The prize is awarded every year to honour individuals who combat intolerance, fanaticism and oppression, often falling foul of their governments as a result.
Nemtsov, a 55-year-old former deputy prime minister turned critic of President Vladimir Putin, was gunned down on a bridge just steps from the Kremlin in late February.
His murder sparked global outrage and condemnation as evidence that Putin’s Russia would not tolerate dissident voices.
Authorities have so far failed to track down his killers.
A Saudi Arabian court sentenced Badawi, 31, to 1,000 lashes and 10 years in jail last year for insulting Islam, but halted the whippings after a first round.
The European Union condemned the sentence, saying “corporal punishment is unacceptable and contrary to human dignity.”
The Russian authorities meanwhile put helicopter pilot Nadiya Savchenko on trial in July for her alleged involvement in the killing of two Russian journalists in war-torn eastern Ukraine last year.
Wistleblowers get nominations
Among the other nominees were US intelligence whistle-blower Edward Snowden whose name was also put forward in 2013; Antoine Deltour who leaked details on Luxembourg’s controversial tax break deals with huge multinational firms; and Stephanie Gibaud, who uncovered tax evasion and money laundering at Swiss banking giant UBS.

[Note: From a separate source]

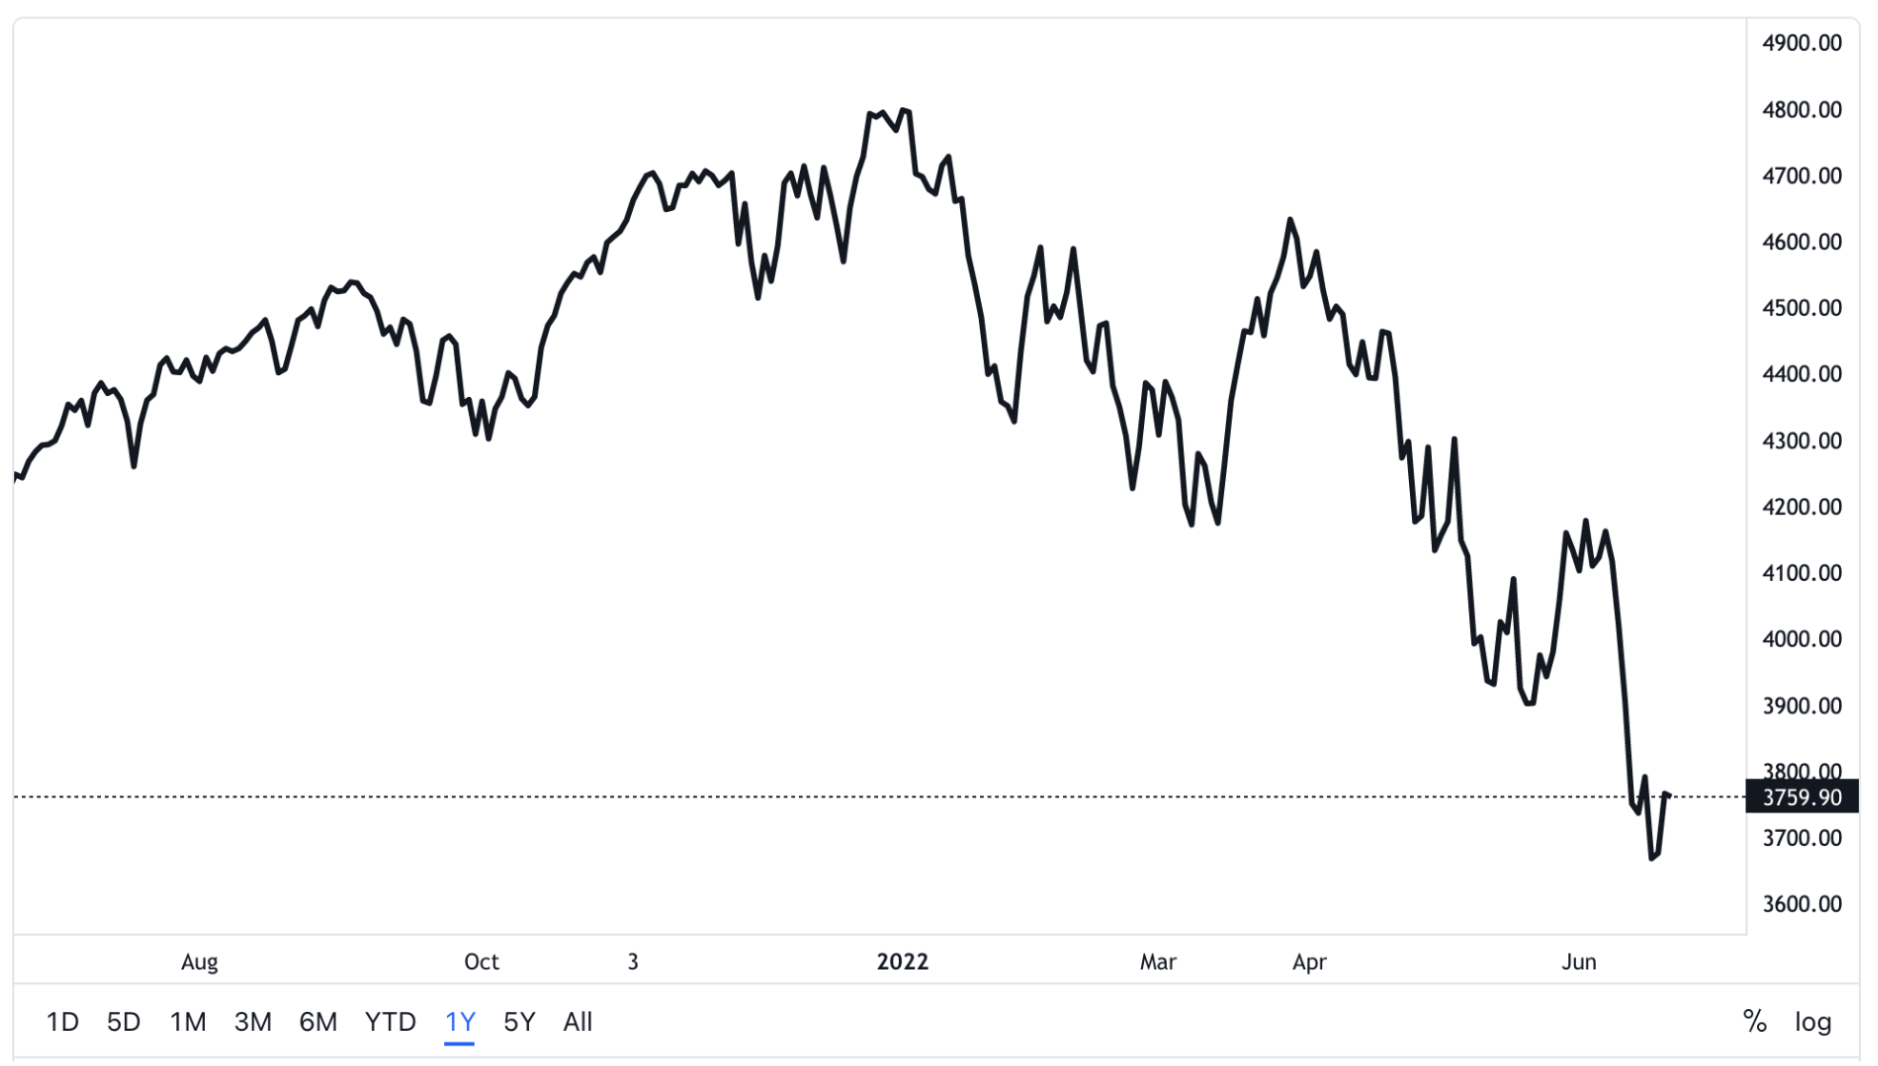 ▲The S&P 500 index is down 21% since the beginning of 2022, the worst first half since 1970. Source: TradingView

Also listed were Edna Adan Ismai, a Somali campaigner against female genital mutilation and the Mesa da la Unidad Democracia which represents political prisoners and opposition groups in Venezuela.
The winner will be announced in October.
Last year, the Parliament awarded the prize to Congolese doctor Denis Mukwege for helping victims of gang rapes by soldiers.
Past winners include Pakistani education campaigner Malala Yousafzai, late South African rights icon Nelson Mandela and Myanmar activist Aung San Suu Kyi. The prize carries an award of €50,000.
The Sakharov Prize for Freedom of Thought has been awarded by the European Parliament every year since 1988 to individuals or organisations that have made an important contribution to the fight for human rights or democracy.
The award is accompanied by a stipend of €50,000.
Andrei Sakharov, who gave his name to the “European Prize for Freedom of Thought” was a Soviet dissident and physicist, who “sought to raise awareness of the dangers of the nuclear arms race”. He defended political prisoners and victims of political trials.
Sakharov was awarded the Nobel Peace Prize in 1975, but he was not allowed to leave the Soviet Union to collect it.